Турий теленок смотрел на Забавку большими испуганными глазами. А из глаз матери вытекали громадные слезы. Забавка присела около ее детеныша, провела руками по одной ноге, соединив кости, по другой, а потом, положив обе руки между мягких рожек, замерла, да так и сидела, сначала до заката, а потом — до рассвета. С первыми лучами солнца туренок вскочил и, весело помахивая хвостом, пробежался вокруг мамаши.
Семилетняя дочь Радигаста возвращалась к замку, едва держась на ногах от слабости. Слишком много жизненных сил передала она за эту ночь.
Тут ее и подхватили посланники борейского князя, который приходился маленькой ведунье дедом.
Князь долгое время считал свою дочь сгинувшей в лесу. Потом до него дошли смутные разговоры об истинной причине пропажи его дочери. Сначала он поклялся изловить коварного чародея и принародно казнить его. Князь повсюду искал его следы, но чародея никто в последние годы не встречал. Потом он услышал столь же смутный слух о малолетней дочери чародея, которая якобы осталась в замке после смерти юной матери. Князь решил отыскать замок и, если слух подтвердится, забрать себе единственную живую память о дочери.

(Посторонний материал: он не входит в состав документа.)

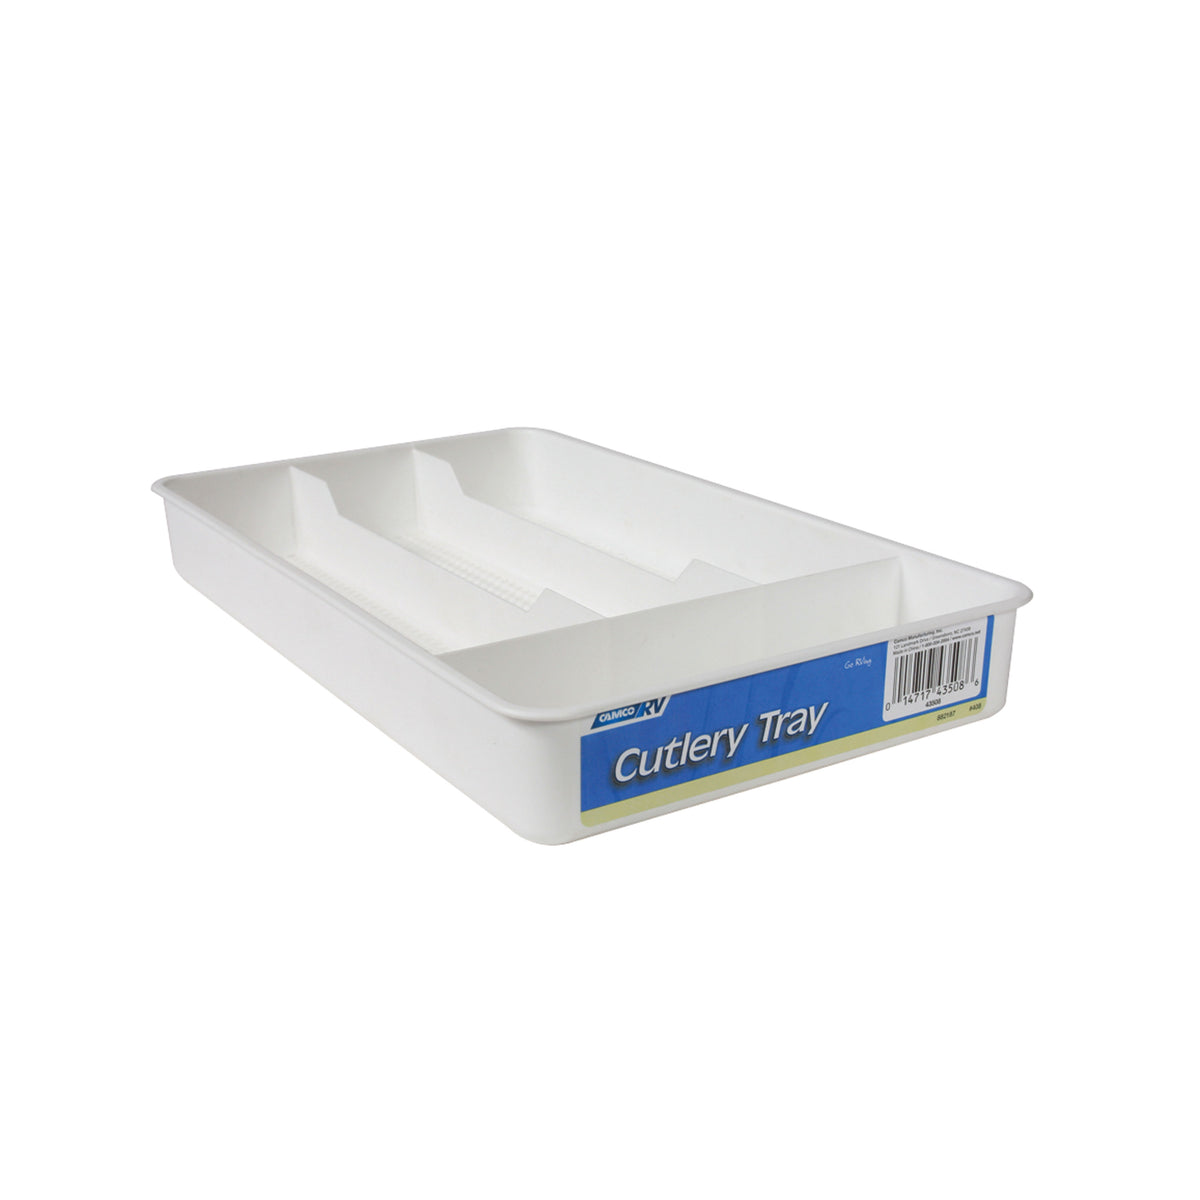 Camco 43508 Cutlery Tray - 7" x 11"

Никто не мог сказать точно, в каких краях чародей Радигаст прячет свой замок. Точнее, каждый, кто хоть что-нибудь слышал о его местонахождении, показывал в свою сторону. Дружинники князя долго рыскали по всей Борее, и отчаявшийся князь уже решил было прекратить поиски. Тогда-то один из отрядов и наткнулся на маленькую Забавку.
Воины действовали точно по инструкции: схватили девочку и, не причиняя ей вреда, доставили к князю. Княжеская ли это внучка, или чья-то потеряшка, они точно не знали. К нему уже доставили не один десяток подобранных на дорогах детей, но все они не походили на ту, которую он мечтал увидеть. Он не думал о том, как узнает ее, но был уверен, что стоит столкнуться с настоящей внучкой, как в нем заговорит кровь.
Старший дружинник подхватил вырывающуюся девочку и, больно сжав ее, уложил поперек лошади. Забавка кричала, продолжала вырываться и даже укусила его за руку, за что тот тяжело хлопнул ее по заду.
— Молчи, дура! — стал наставлять он пленницу. — Наш князь добрый. Признает тебя — в шелка оденет, ожерельями обмотает. А нет — тоже горе небольшое — при поварне оставит, станешь котлы мыть, всегда сыта будешь.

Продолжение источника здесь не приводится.